FACTORS AFFECTING CAKING IN SUGAR CANE (SACCHARUM OFFICINARUM)

Main Article Content

María Lourdes Hernández- Reyes
Juan Valente Hidalgo Contreras
Aleida Selene Hernández- Cázares
Juan Pascual-Ramírez

Keywords

Lumpiness, sugar, path diagrams

Abstract

Objective: Identify variables that influence the process of caking of cane sugar to propose the path diagram showing the possible paths that cause - effect relationship.


Design/methodology/approach: The methodological work of this research was based on the research and review of the scientific literature in the main databases of indexed academic journals.


Results: From the literature review factors, according to the authors they correspond to the factors causing caking of cane sugar were considered, including physicochemical properties you will have, packaging and storage conditions.
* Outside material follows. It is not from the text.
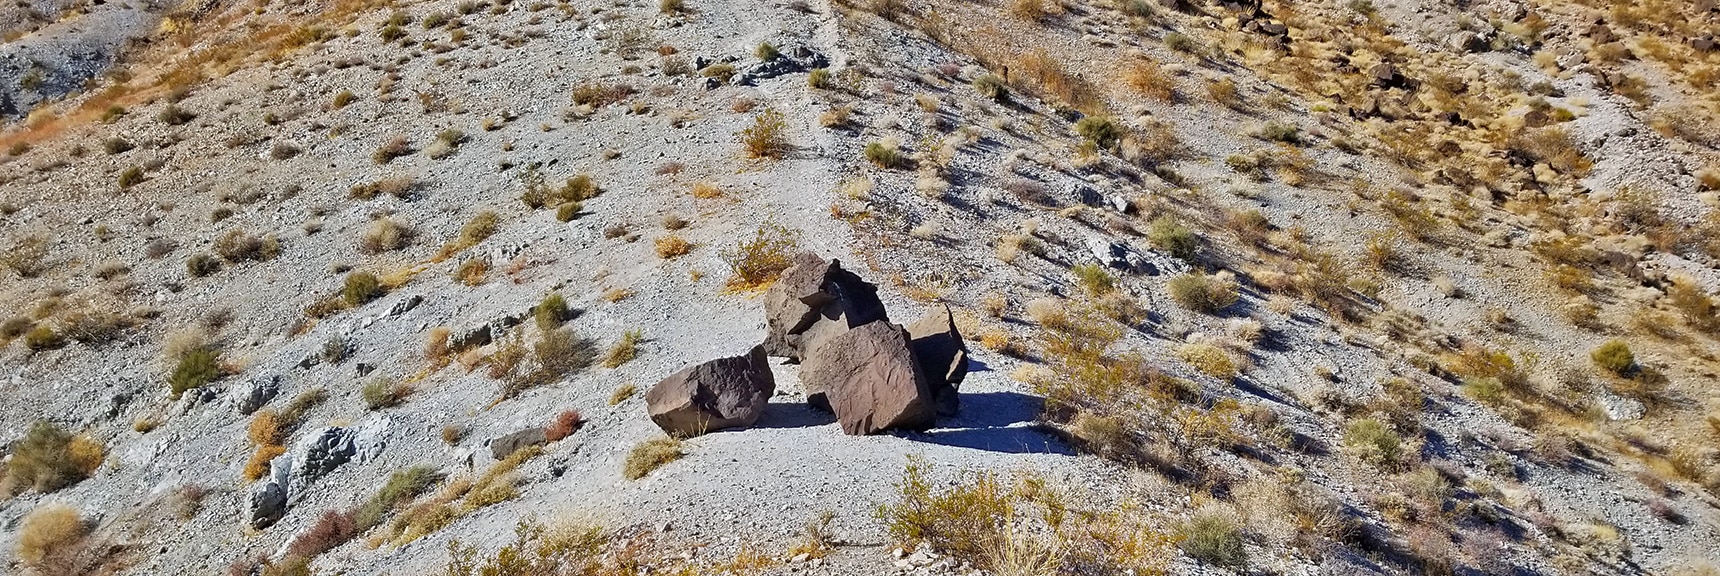 "Funny Rocks" on Fortification Hill Trail. They Fell to this Point from Above? | Fortification Hill | Lake Mead National Recreation Area, Arizona
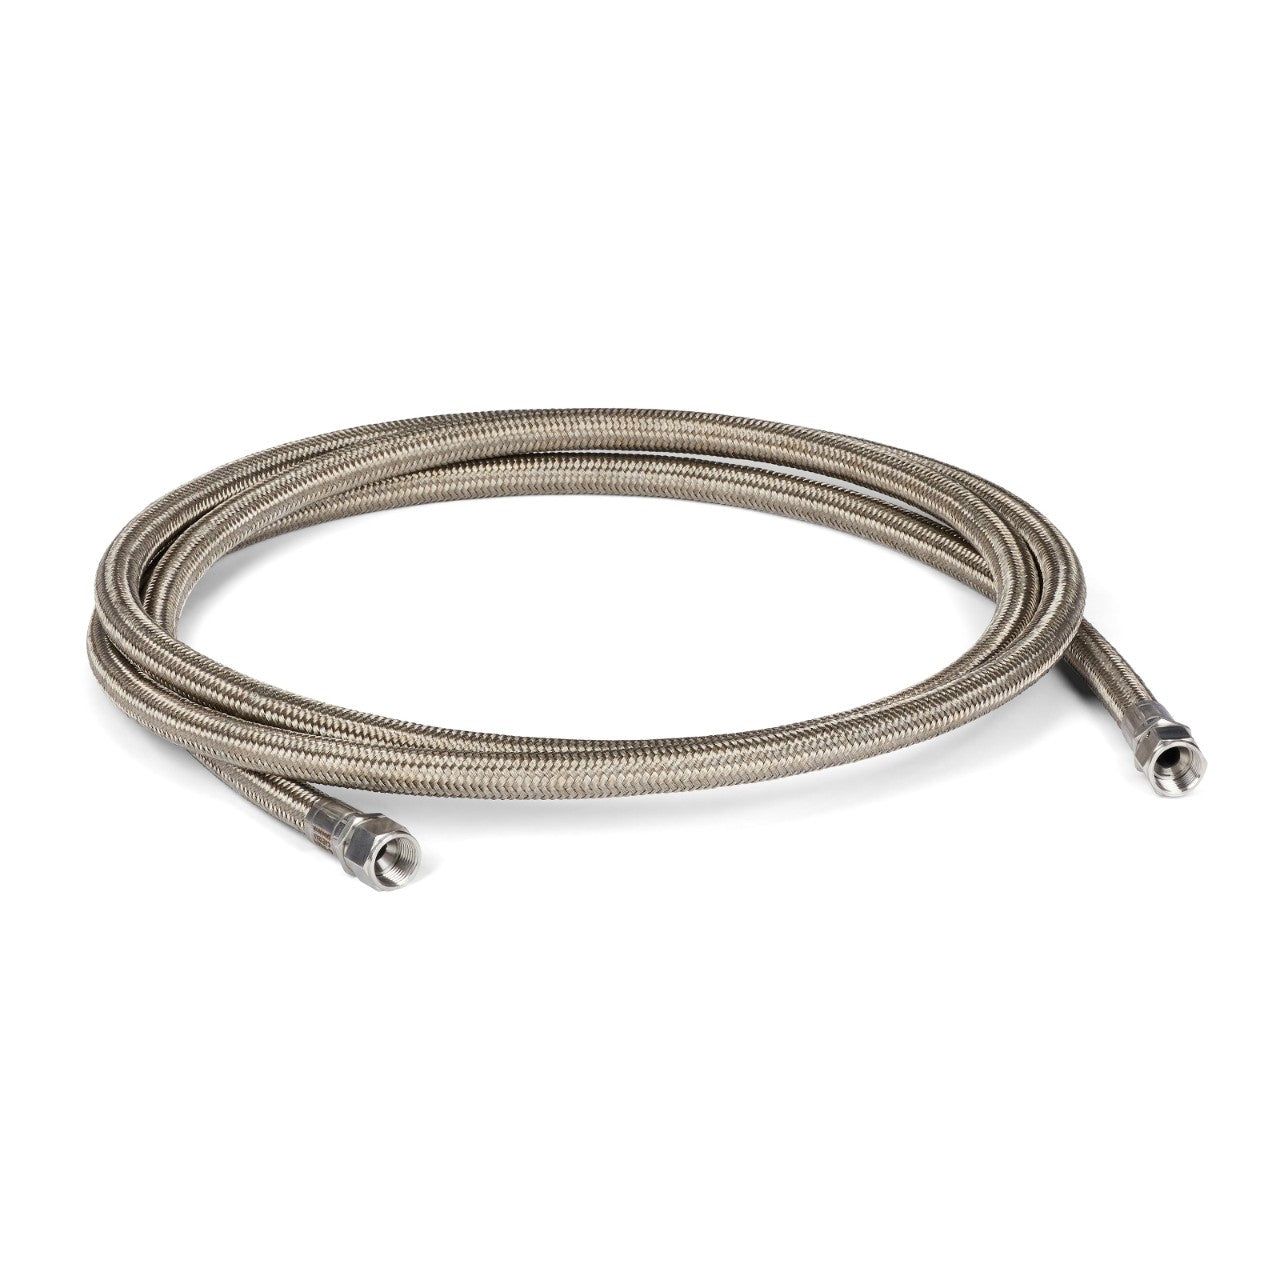 15 ft. (4.6 M) Stainless Steel Braided PTFE Ambient Hose,  No. 16 (0.867 in. / 22.0 mm ID)

These were part of the construction of the diagram of hypothetical paths the phenomenon of caking.


Limitations on study/ implications: The studies carried out regarding the cause-effect phenomenon have been very limited, since there are few publications in the main databases of indexed journals. Thus, it is also noted that the publications are not recent in their majority.


Findings/Conclusions: The main factors affecting the development of caking on cane sugar can be classified into: Physicochemical (humidity, temperature of the product and particle size), packaging (liner) and storage conditions (relative humidity and ambient temperature).


Keywords: Lumpiness, sugar, path diagrams.